Model Fit Statistics
r.squared adj.r.squared sigma statistic p.value df logLik AIC BIC deviance df.residual nobs
0.7154 0.7108 4952.506 156.1292 0 8 -5018.313 10056.63 10098.89 12190077855 497 506

The regression model explains a large share of the variation in housing prices. The \(R^2\) is 0.7154, meaning the model explains about 71.5% of the variation in median housing prices. The adjusted \(R^2\) is 0.7108, which is very close to the regular \(R^2\), so the model still performs well even after accounting for the number of predictors.

The model’s overall test statistic is 156.1292 with a p-value of 0, which means the model is statistically significant overall. The residual standard error is 4952.506, which gives a sense of the typical size of prediction errors in the same units as price. The AIC is 10056.63 and the BIC is 10098.89; these are mainly useful for comparing this model with alternative specifications, where lower values indicate better fit.

Interpretation

The coefficient on crime is interpreted as the expected change in median house price associated with a one-unit increase in crime per capita, holding all other included variables constant. If the coefficient is negative and statistically significant, it means higher crime is associated with lower housing prices.

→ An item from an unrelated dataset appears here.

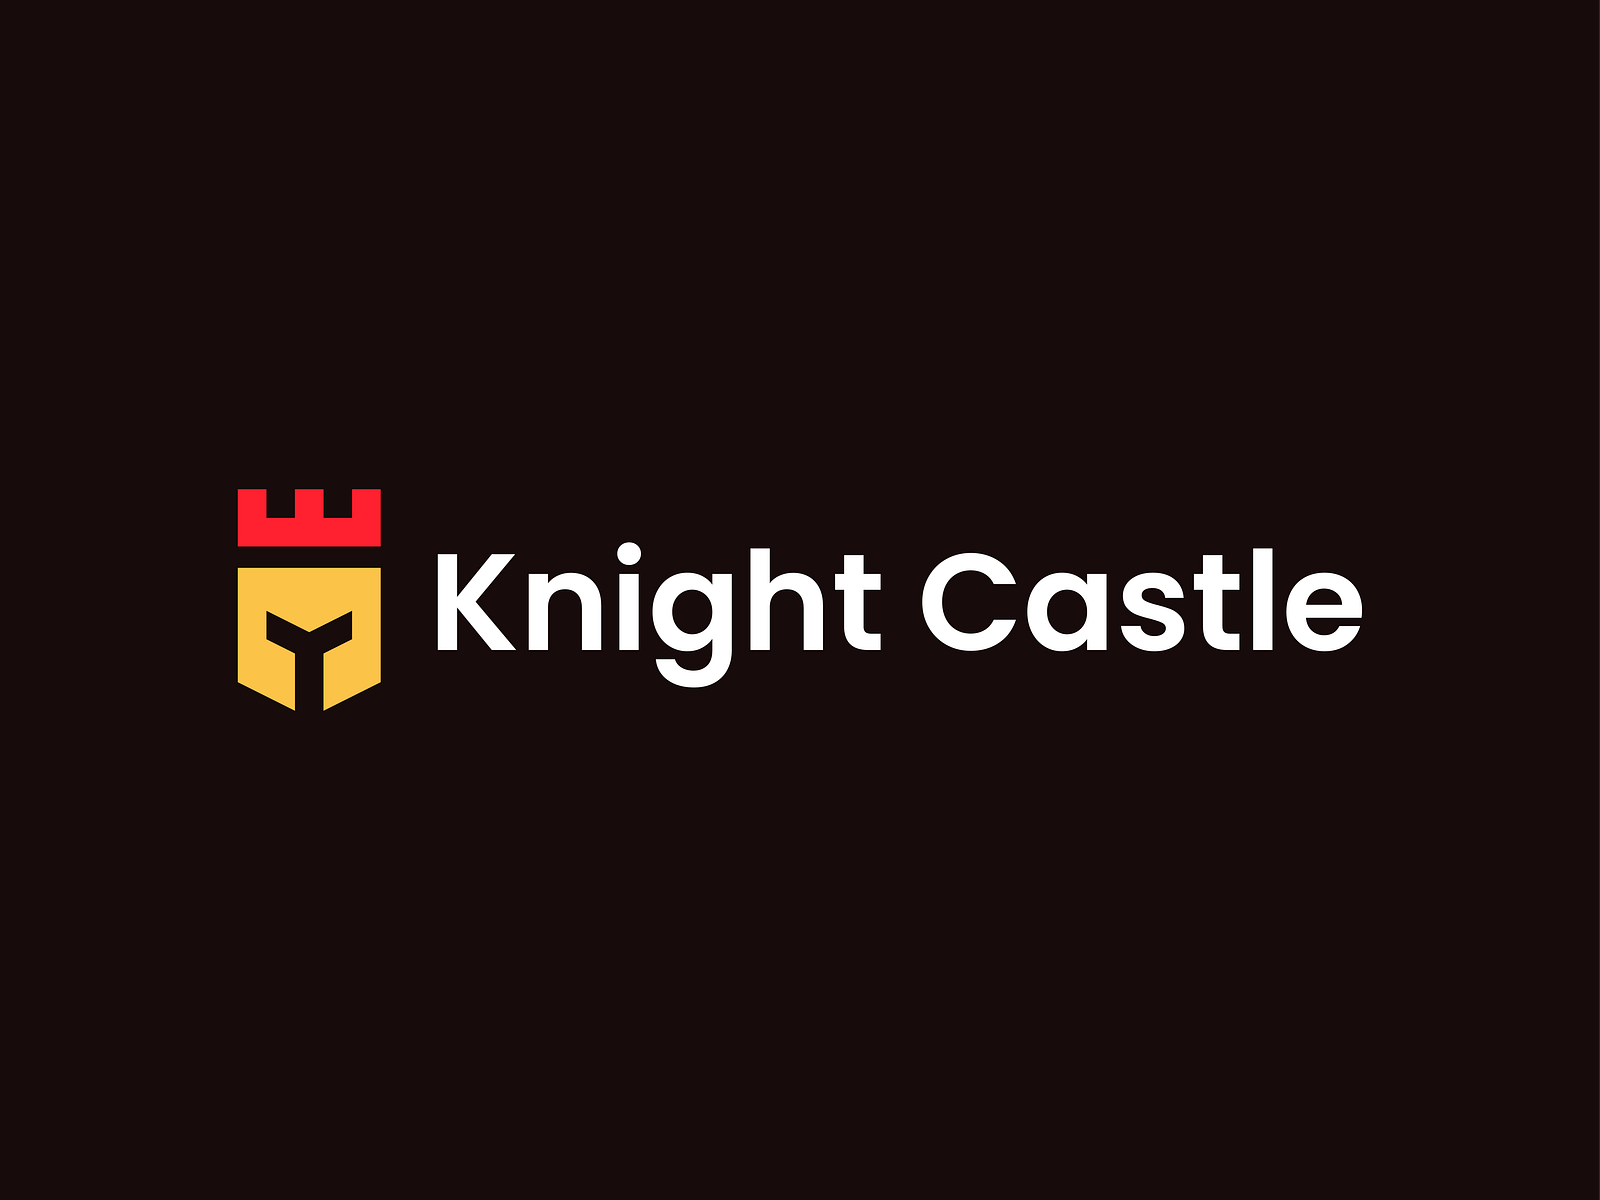 Knight Castle Logo Design by Nauval Pradipta on Dribbble

Interpreting the remaining coefficients in the same way:

  • nox: effect of air pollution on price.
  • rooms: effect of an additional room on price.
  • dist: effect of distance to employment centers.
  • radial: effect of highway access.
  • proptax: effect of property taxes.
  • stratio: effect of school crowding.
  • lowstat: effect of neighborhood socioeconomic composition.

Using the sign, magnitude, and p-value together. A large coefficient is not necessarily important unless it is statistically meaningful and economically interpretable.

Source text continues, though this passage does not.